Specialty drugs tripled Part D catastrophic coverage spending in 5 years
Between 2010 and 2015, payments for Medicare Part D catastrophic coverage tripled to $33 billion, thanks to increased prices for drugs, according to a report from HHS’s Office of the Inspector General (OIG).
Catastrophic coverage kicks in when Part D beneficiaries exceed out-of-pocket spending thresholds. In the five-year period of claims data examined by OIG, the number of people reaching that mark rose by 53 percent to 3.6 million. They personally spent more out of pocket, as most beneficiaries in catastrophic coverage have a 5 percent co-pay for drugs, while federal spending soared because the government picks up the “vast majority” of the remaining costs.
High-price drugs were largely to blame for the spike in spending, according to OIG. Drugs that cost more than $1,200 per month made up two-thirds of the $33 billion spent on catastrophic coverage in 2015, up from a one-third share in 2010.
In 2015, 10 drugs accounted for $15 billion of all drug spending in catastrophic coverage. The most was spent on Gilead’s Hepatitis C treatment, Harvoni, which accounted for nearly $6.3 billion. The drug has an average monthly price of more than $33,000.
It was one of the four drugs on the top 10 list which was approved by the Food and Drug Administrators after 2010. The older drugs on the list, including blood cancer drug Revelmid and multiple sclerosis treatment Copaxone, have had “steep increases in their average monthly price” since 2010.

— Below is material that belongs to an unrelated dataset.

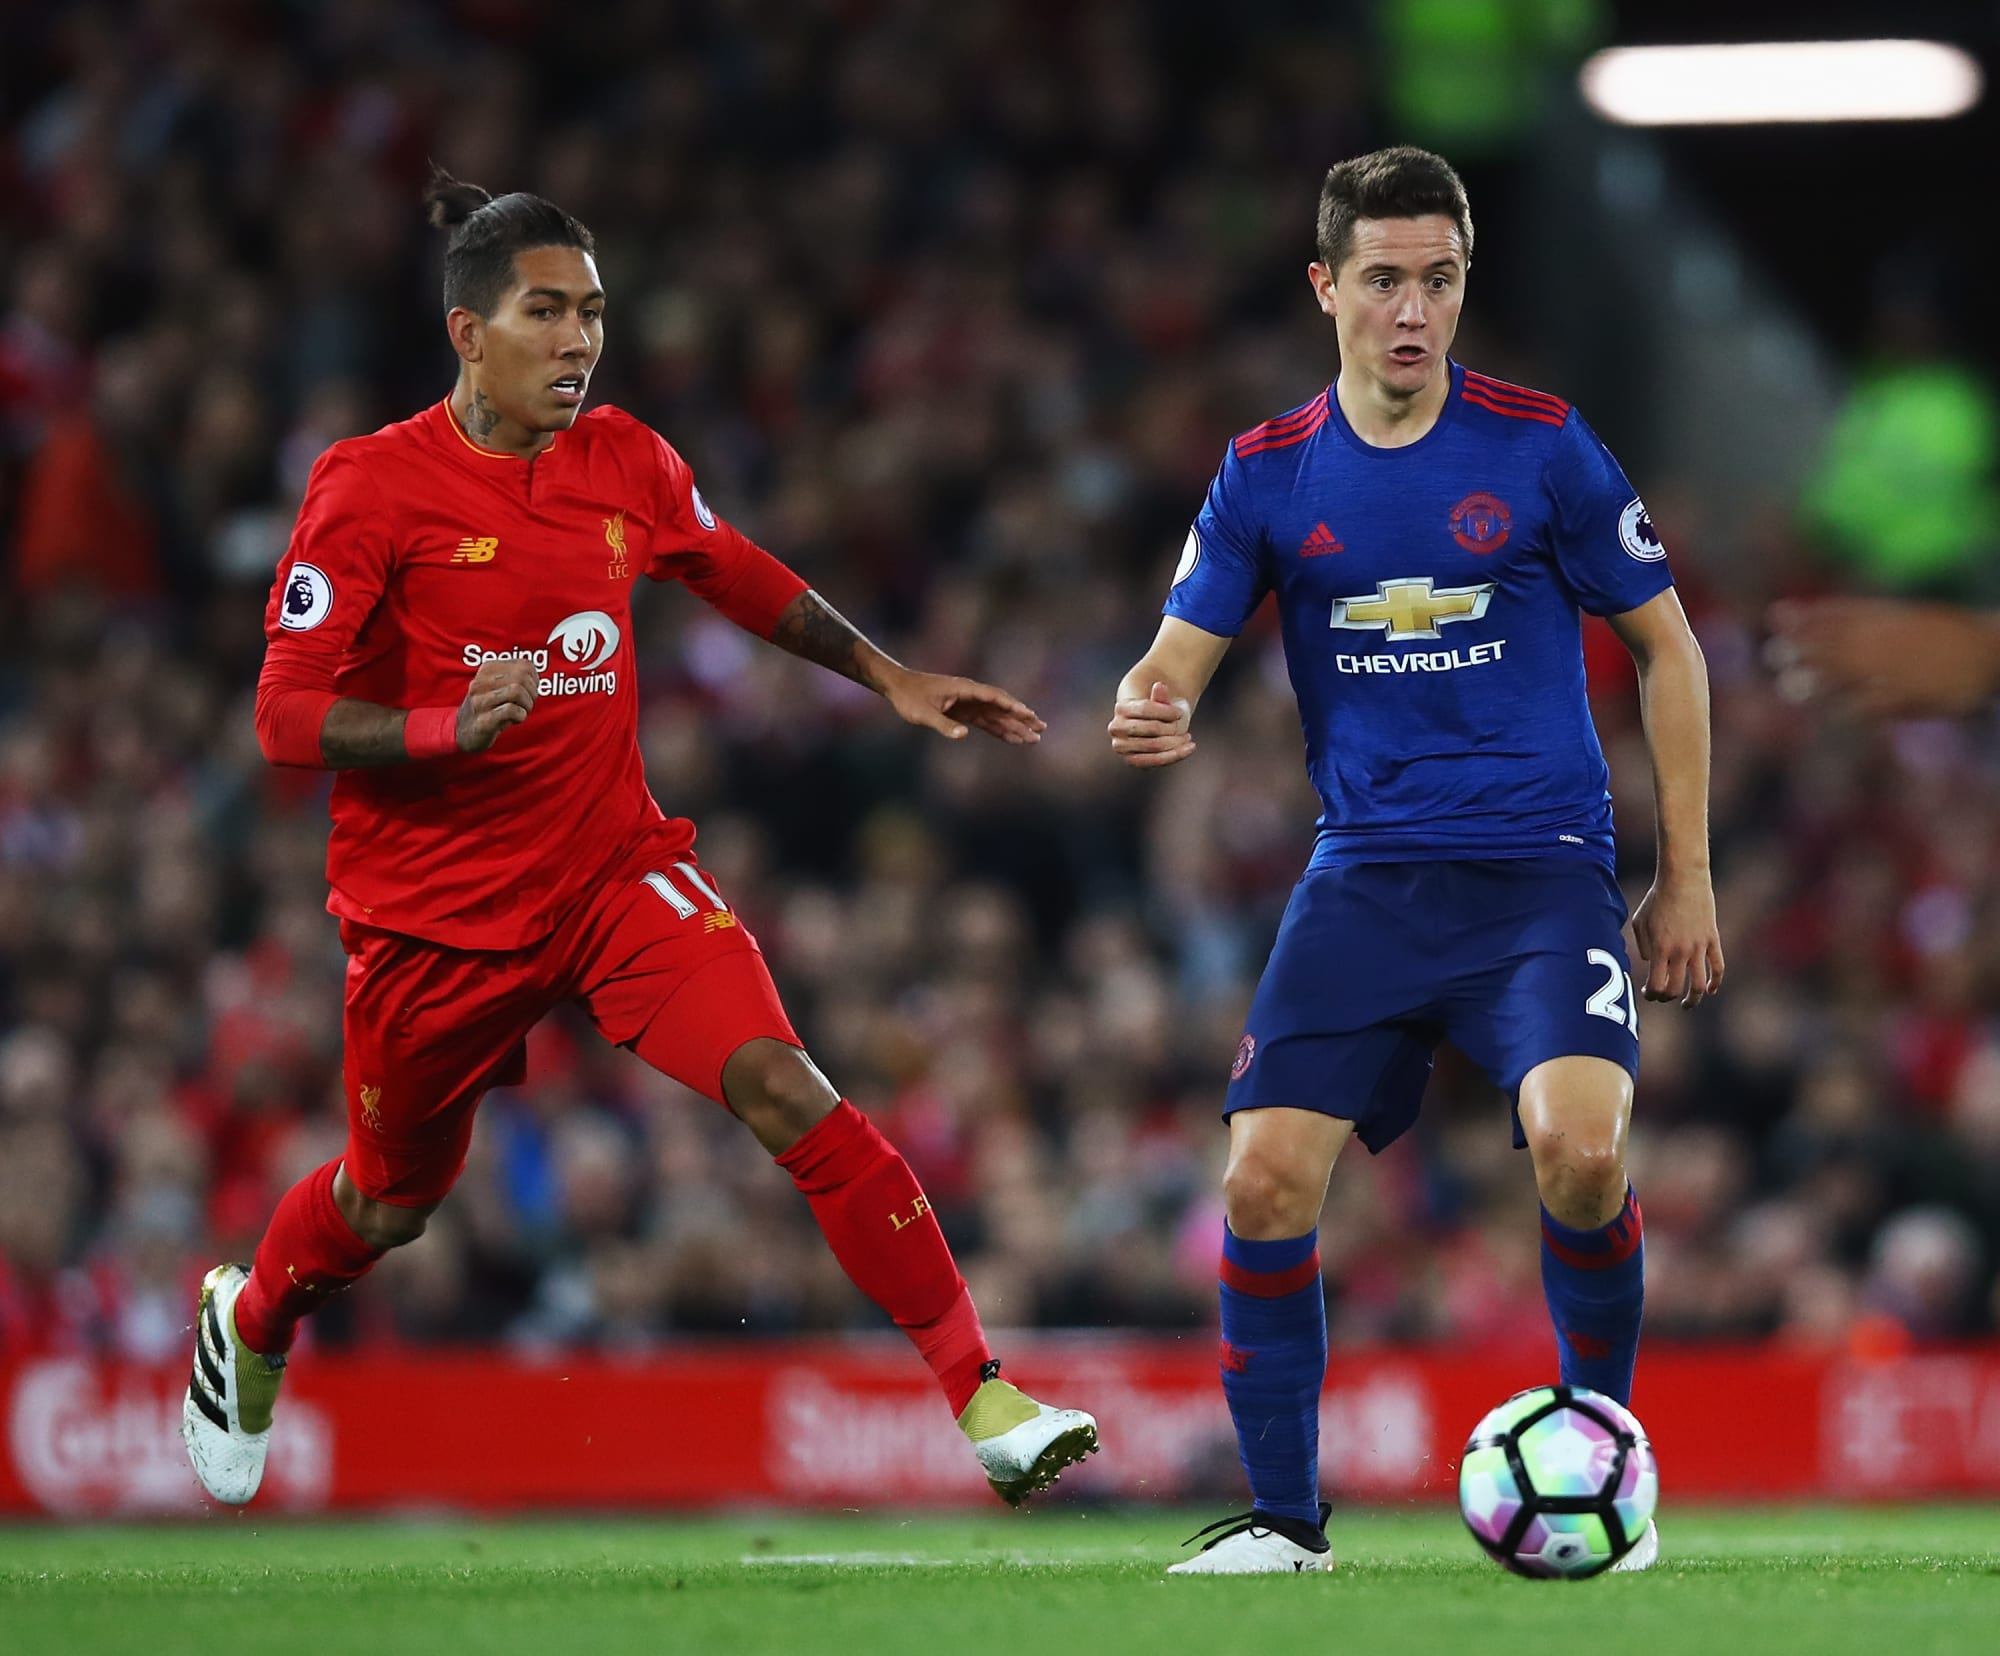 Manchester United v Liverpool: Herrera's chance to show ...

If growth continues at this rate without action from regulators, OIG said the sustainability of catastrophic coverage and all of Part D may be at risk.
“Moving forward, CMS will likely need additional tools to address these issues,” the report said. “Potential tools have been discussed by experts and include restructuring the Part D benefit so that sponsors have more incentives and opportunities to lower costs, creating more transparency about drug pricing, promoting value-based options and revising the law to allow the federal government to negotiate prices for certain drugs.”